Most broadband providers still perform a NAT translation downstream, is it helping alleviate any of the attacks/compromises? NOT!!!!!
A lot of it is because of infected hosts in a subnet searching around for open windows shares on IPs around it.
I know Microsoft has a product that allows you to donwload patches to a centralized server (within your infrastructure) and let's you patch your internal systems from it. Heard our MS admins talking about it a while back....
Sounds like a good thing to have around. -- srs (postmaster|suresh)@outblaze.com // gpg : EDEDEFB9 manager, outblaze.com security and antispam operations
On Mon, 24 Nov 2003 16:25:36 -0500 Suresh Ramasubramanian <suresh@outblaze.com> wrote:
Gerardo Gregory writes on 11/24/2003 4:20 PM:
NAT is not a security feature, neither does it provide any real security, just one to one translations. PAT fall into the same
It is not a cure all and I never said it was one. It cuts the risk down a little, is all.
Dan Senie called me on this one once, and he was right. 1-to-1 NAT is not much of a security feature.
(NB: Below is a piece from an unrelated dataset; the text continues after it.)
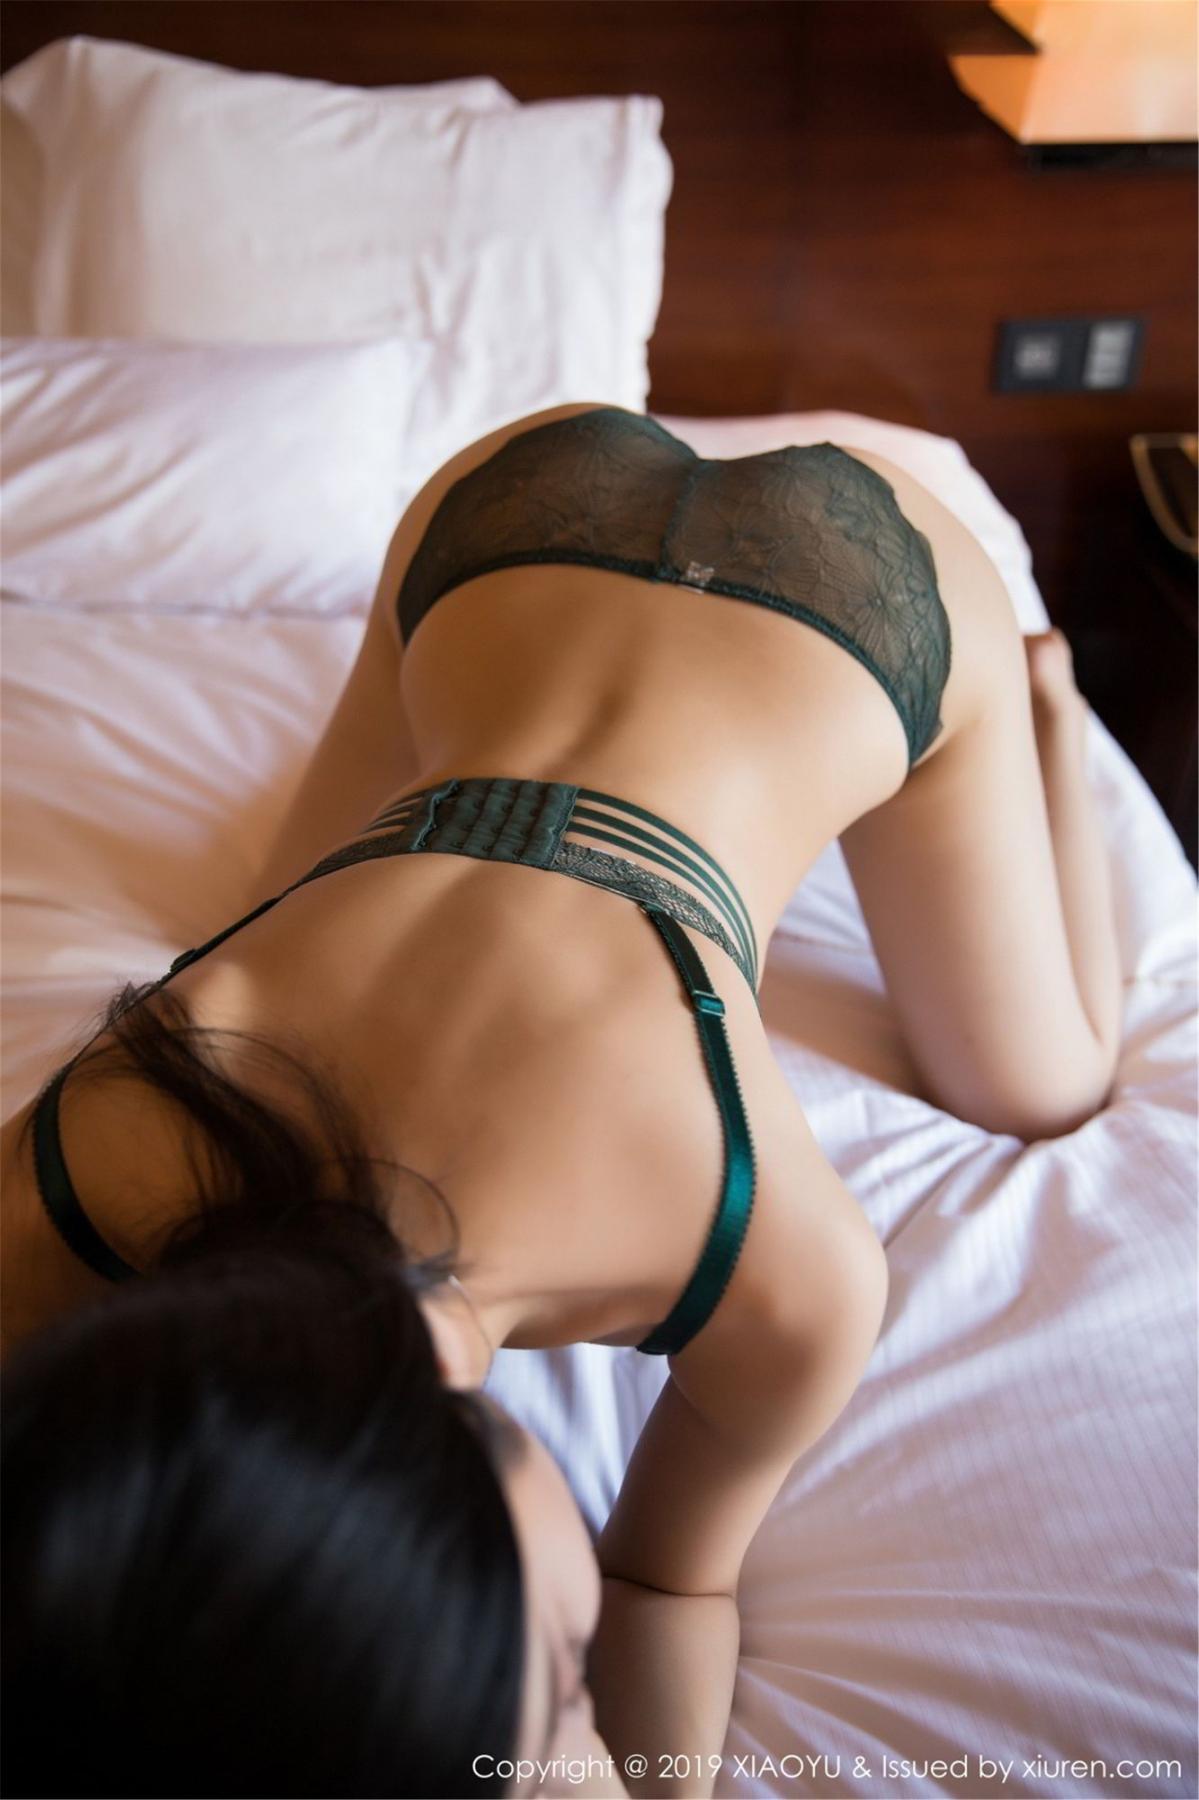 [XiaoYu] Vol.074 Angela Xi Huan Mao 20P, Di Yi, Underwear, XiaoYu

Port NAT (PNAT) does, *as a side effect*, provide a measure of meaningful security. as Dan pointed out to me, the code required to implement PNAT is nearly identical to the code required to provide a state keeping firewall similar to what might be done with OpenBSD's PF or Linux's IPTables packages. it doesn't provide the additional useful features of such firewalls, but it does do the minimum. now the consumer PNAT appliances have other issues, and of course PNAT often breaks protocols that make end to end assumptions (which is why i don't like it), but the "not a security feature" thing is not really accurate. the security feature is a side effect, and wasn't the original intent of PNAT, but that doesn't mean it's not there. richard -- Richard Welty rwelty@averillpark.net Averill Park Networking 518-573-7592 Java, PHP, PostgreSQL, Unix, Linux, IP Network Engineering, Security
In reality, PAT provides 99.99% of all firewall protection, so if some _very smart whitehat gay_ is writing _PNAT is not a firewall_, this means only, that he is very far from reality. Show me, please, any attack, addressed to the PNAT based system? PNAT is not enioough for a firewall to be a full featured firewall - it is true; but PNAT provides the same protection, as any firewall (it just do not allow inbound connections, so you can not expose any service). 1 - 1 NAT, of course, do not provide any protection. But the _MOST_ important part of all enterprise firewalls (I mean -not most complex, but those which protects 99.99% of their users) is just PNAT. Of course, it is true _untl_ we are talking only about _direct_ network level attacks. What many people missed is that, in _real_ word, network level firewalls is not enough for the protection, if you use _standard_ software, you are exposed to worms, viruses and other, application level, dangers (and firewalls can not help here too much). Of course, PNAT applianses created a very strange protocol meaning - if protocl can not work thru PNAT, it 'is not a protocol' - you can not use it in many cases... And, on the other hand, the better is protocol security, the worst is this protocol for PNAT - in reality, secure protocol can not be multi-connection one /as FTP or H.323/. ----- Original Message ----- From: "Richard Welty" <rwelty@averillpark.net> To: <nanog@merit.edu> Sent: Monday, November 24, 2003 1:39 PM Subject: Re[2]: Anit-Virus help for all of us??????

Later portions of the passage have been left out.